简介
Hadoop实现了一套简单、但又能精确控制通信细节的客户端存根和服务器骨架的IPC(Inter-Process Communication)机制,而没有使用Java RMI,因为有效的IPC对于Hadoop至关重要,Hadoop需要精确控制连接、超时、缓存等通信细节。
Hadoop IPC的实现基于Java动态代理、Java NIO和多线程技术。
Hadoop IPC代码结构
Hadoop IPC代码在orgorg.apache.hadoop.ipc包中,共包含7个java文件。
- RemoteException:远程异常
- Status:枚举类,定义了远程调用的返回结果类型。包含3中状态:SUCCESS (0), ERROR (1), FATAL (-1)。
- VersionedProtocol:远程调用接口。
- ConnectionHeader:IPC客户端和服务器端连接发送的消息头。
- Client:IPC客户端逻辑,主要包含IPC连接(Client.Connection, Client.ConnectionId)和远程调用(Client.Call, Client.ParalledlCall)。
- Server:IPC服务器端逻辑,主要包含IPC连接(Server.Connection)和远程调用处理(Server.Call, Listener, Handler, Responder)。
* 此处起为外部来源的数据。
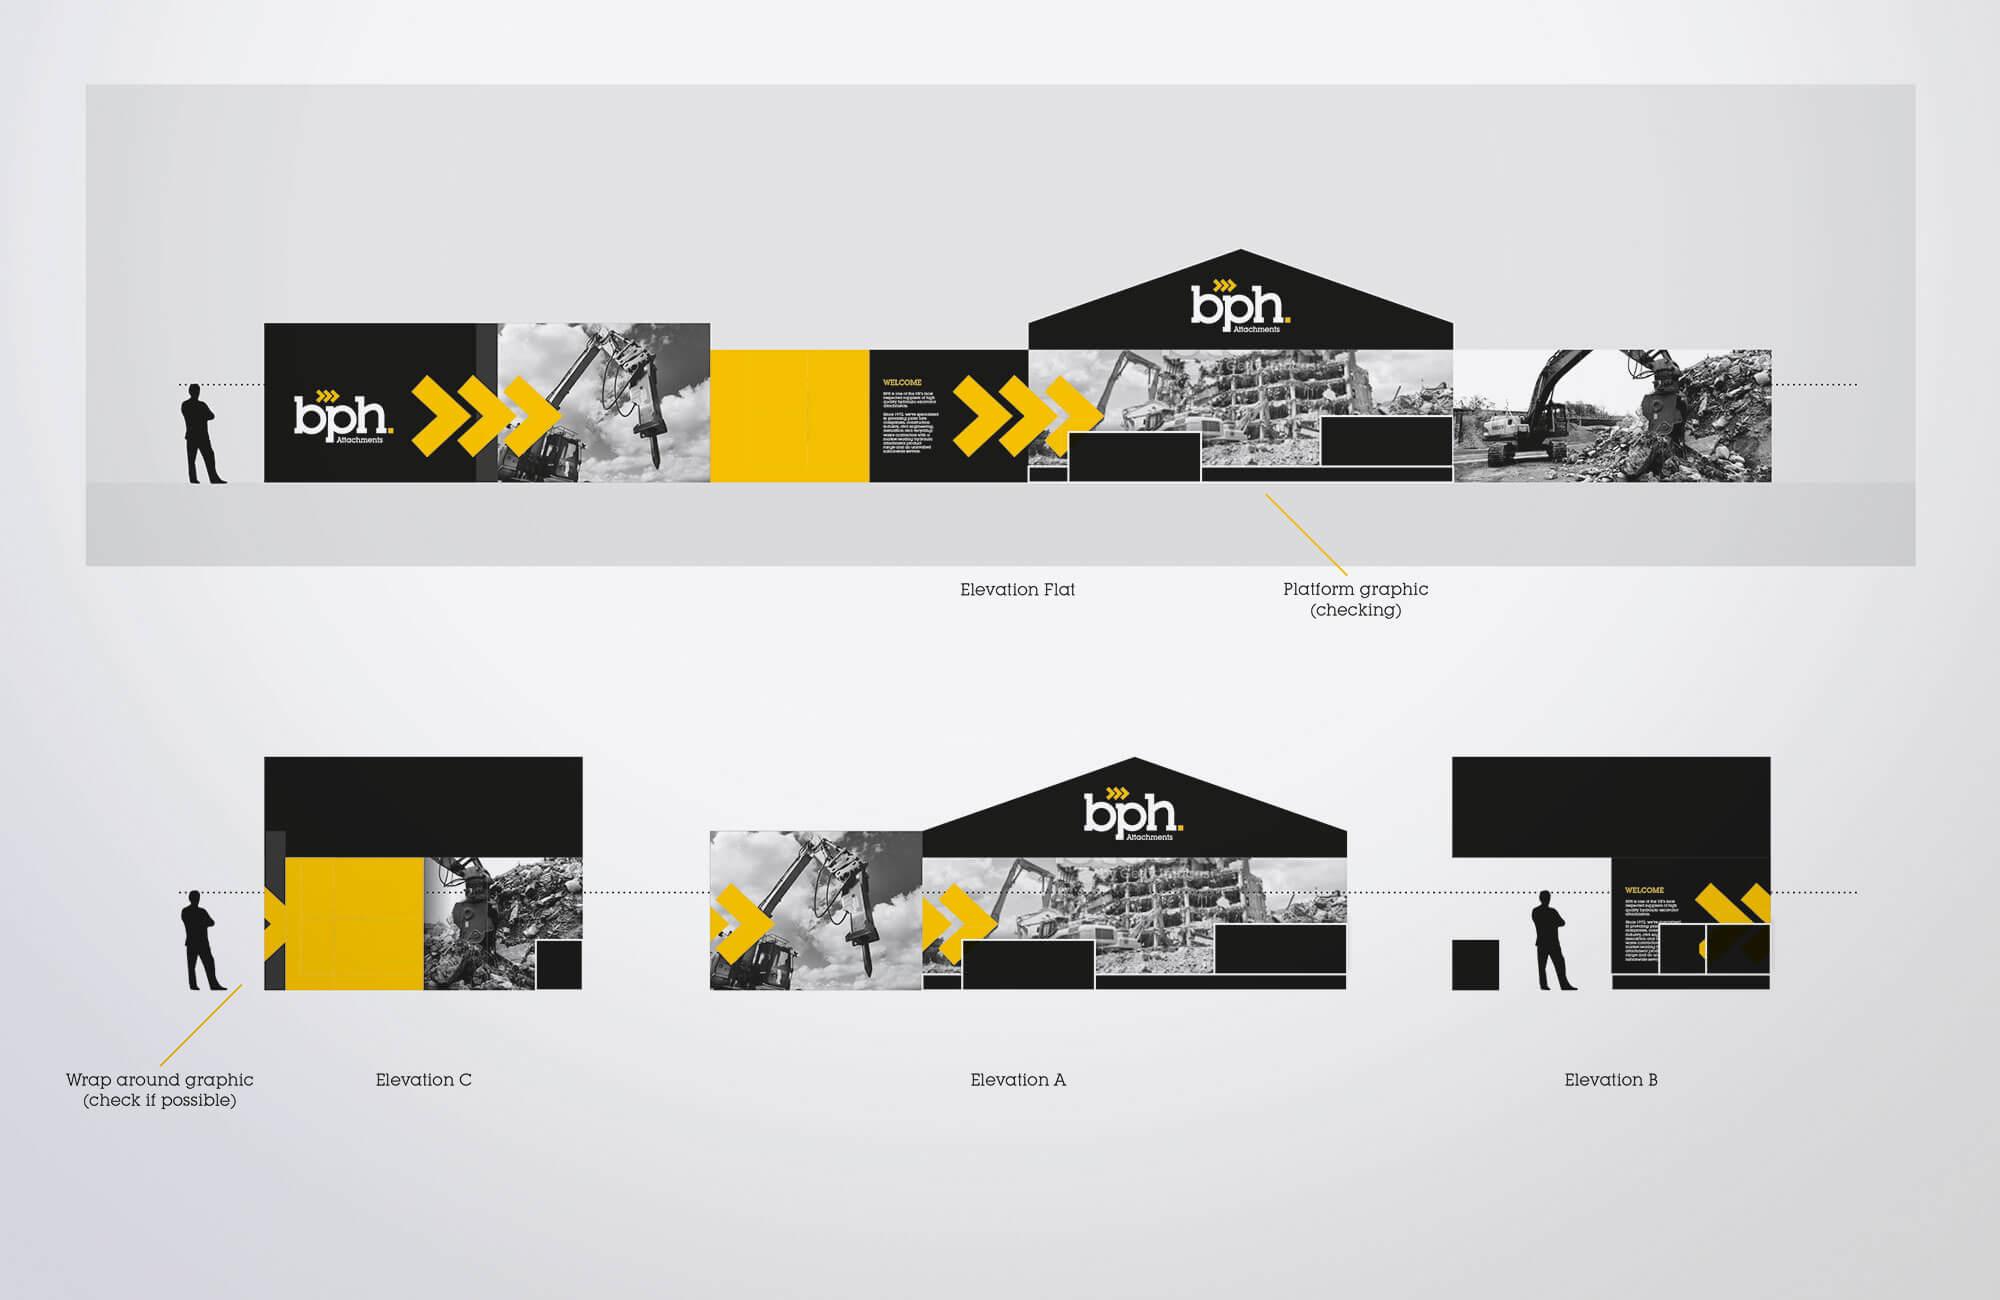 BPH Exhibition Stand Design Visual

- RPC:在Client和Server基础上实现了Hadoop IPC。
Hadoop IPC接口
Hadoop IPC接口必须继承org.apache.hadoop.ipc.VersionedProtocol接口,VersionedProtocol()方法用于检测通信双方协议和版本的一致性。
// 返回服务器段接口实现的版本号,用于检查通信的双方,保证使用了相同版本的接口。
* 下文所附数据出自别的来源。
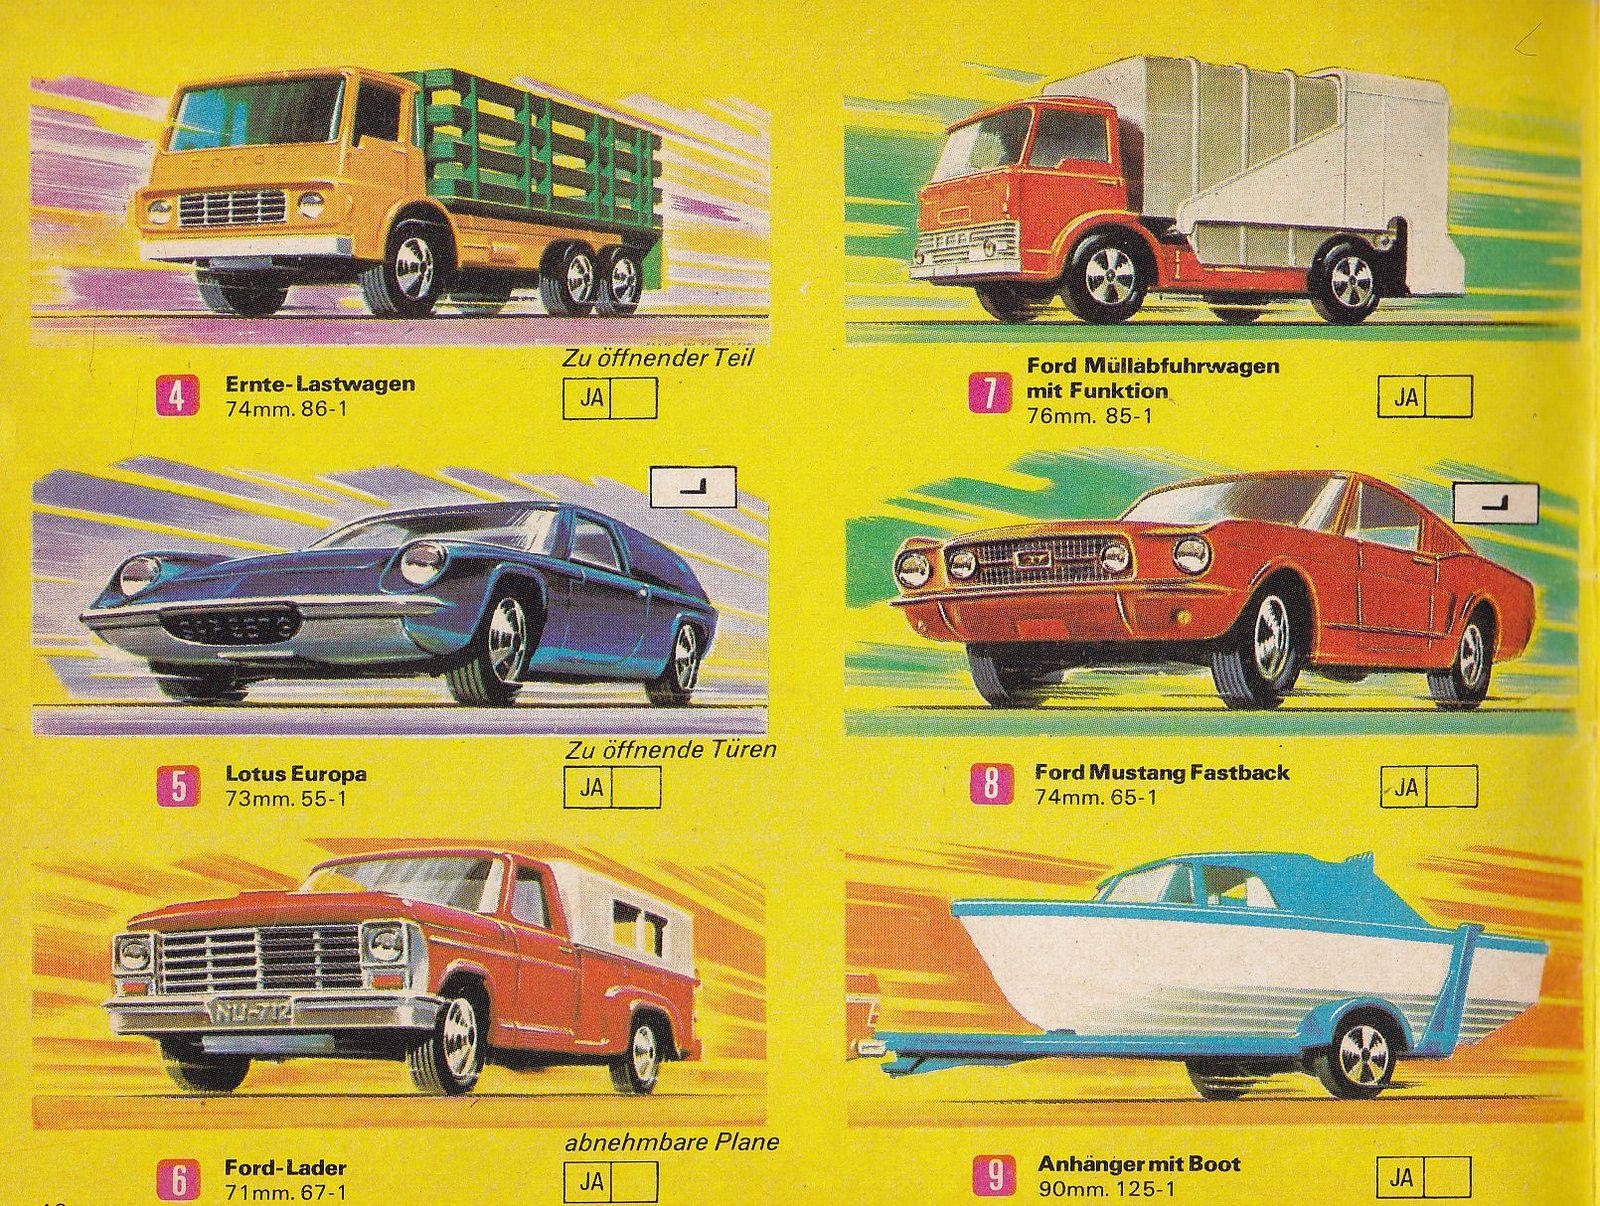 Matchbox Superfast Sammler Katalog 1970 Seite 18 Matchbox Corgi Toys Matchbox Cars

public interface VersionedProtocol {
public long getProtocolVersion(String protocol,
long clientVersion) throws IOException;
}
服务器端通过RPC.getServer()获得服务器对象,然后通过Server.start()启动服务器,停止服务器则通过Server.stop()方法。
RPC.getServer()返回一个Server实例,基于IPC接口实现对象、监听地址、端口和配置对象。其中实现对象至少实现一个IPC接口。
public static Server getServer(final Object instance, final String bindAddress, final int port, Configuration conf)
throws IOException
在IPC连接之前,客户端需通过RPC.getProxy()获得一个IPC客户端代理实例,当不需要时,通过RPC.stopProxy()释放资源。
RPC.getProxy()参数,protocal:IPC接口的类对象;clientVersion:接口版本;addr:服务器的Socket地址。 客户端通过RPC.getProxy()获得代理对象,通过此对象进行远程过程调用,调用会转发到服务器端执行,与普通方法的调用没有什么差别。
public static VersionedProtocol getProxy(
Class<? extends VersionedProtocol> protocol,
long clientVersion, InetSocketAddress addr, Configuration conf)
throws IOException
IPC Connection
IPC连接(Connection)是IPC客户端和服务器端通信的抽象,在远程调用之前,客户端需与服务器建立TCP连接。 由于客户端和服务器端对连接的抽象不同,因此分为Client.Connection和Server.Connection。
ConnectionId
为提高通信效率,客户端可复用到服务器端的连接,通过ConnectionId区分。连接复用指的是相同ConnectionId的多个IPC客户端共享一个IPC连接。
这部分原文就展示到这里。